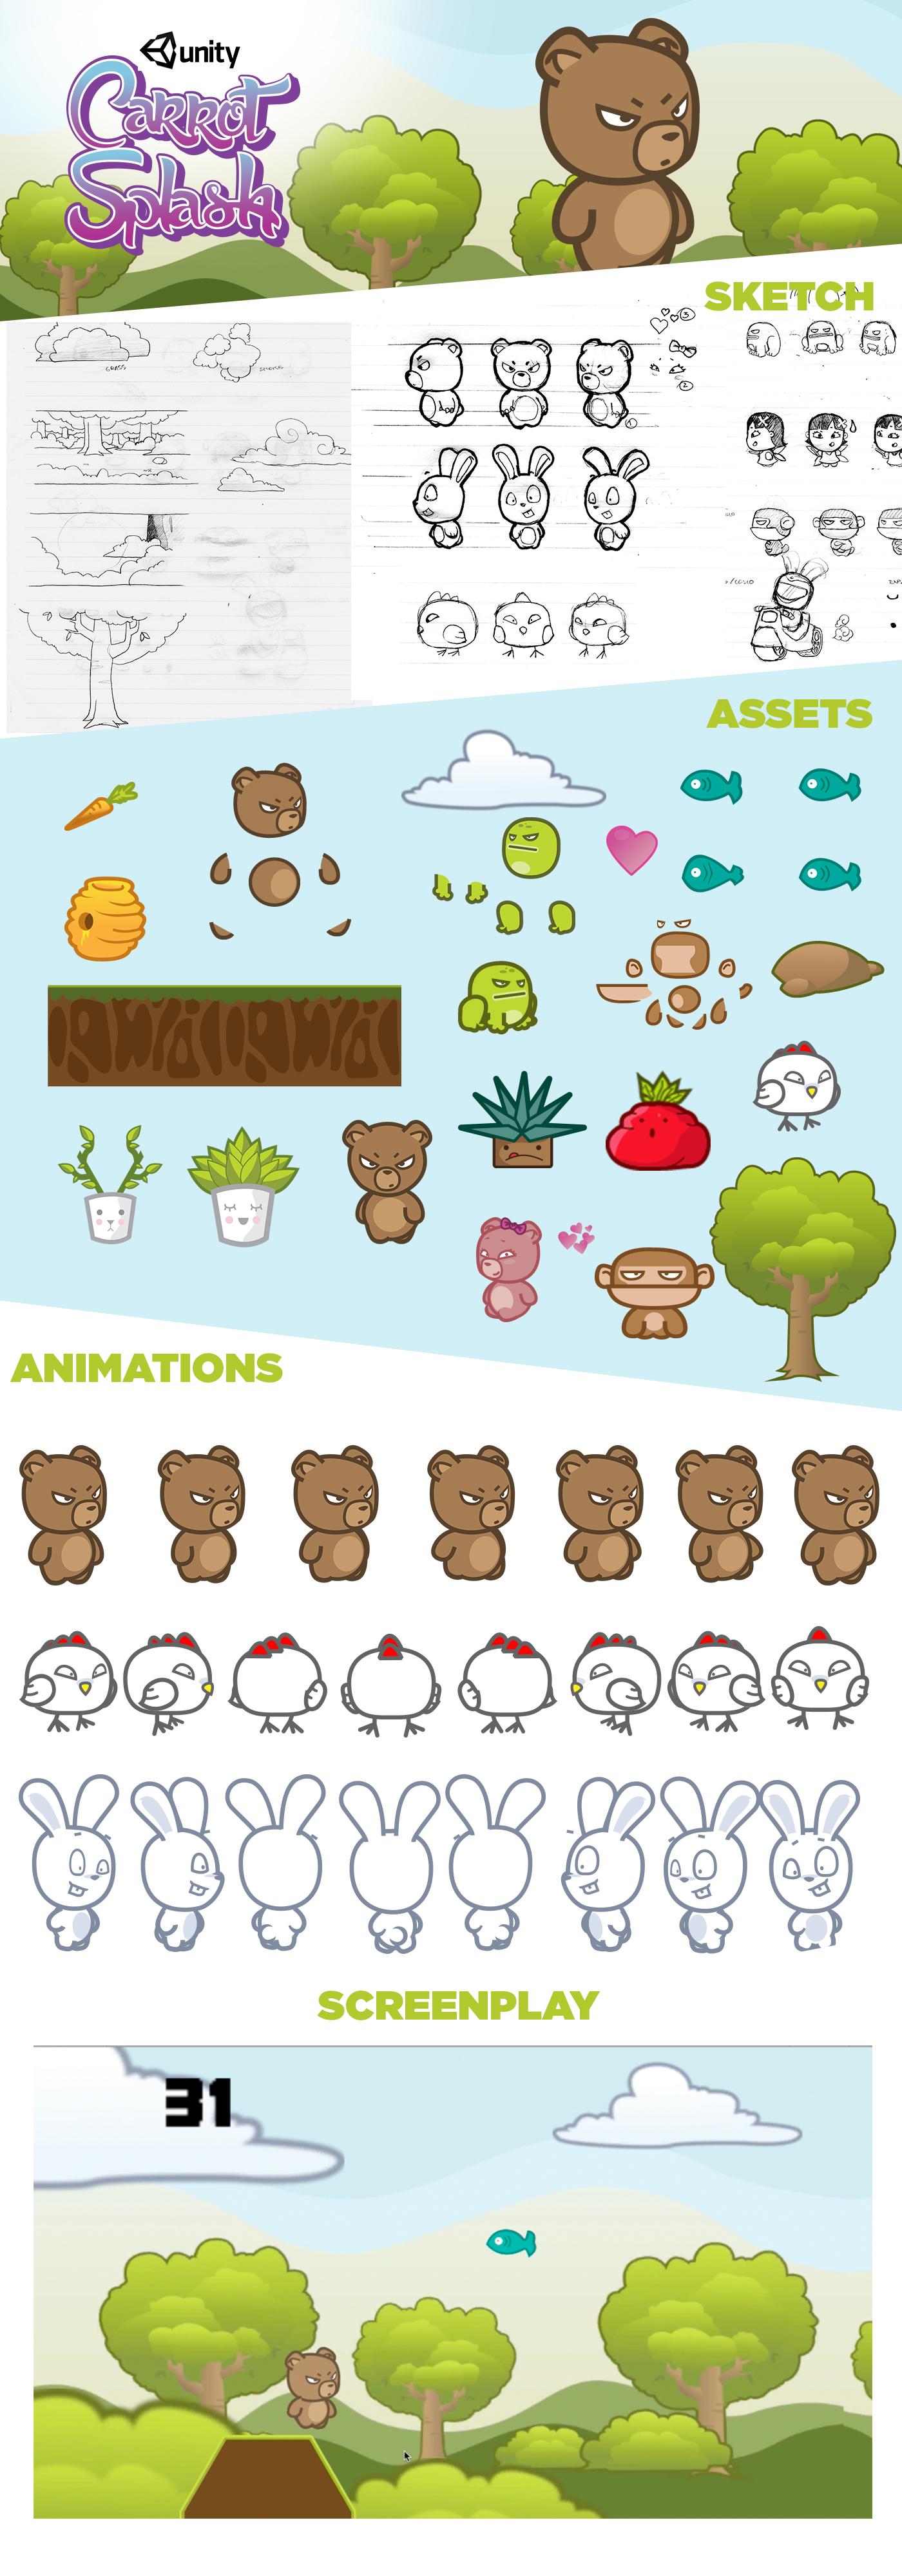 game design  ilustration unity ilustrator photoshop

···

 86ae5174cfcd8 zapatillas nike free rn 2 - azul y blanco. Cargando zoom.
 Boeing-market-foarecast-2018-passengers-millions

···

#### Problem:
After locating the line with "86ae5174cfcd8 zapatillas nike" above, return that line and every later line through the one with "Boeing-market-foarecast-2018-passengers-millions", word for word and with nothing else.

#### Answer box:
 86ae5174cfcd8 zapatillas nike free rn 2 - azul y blanco. Cargando zoom.
 Boeing-market-foarecast-2018-passengers-millions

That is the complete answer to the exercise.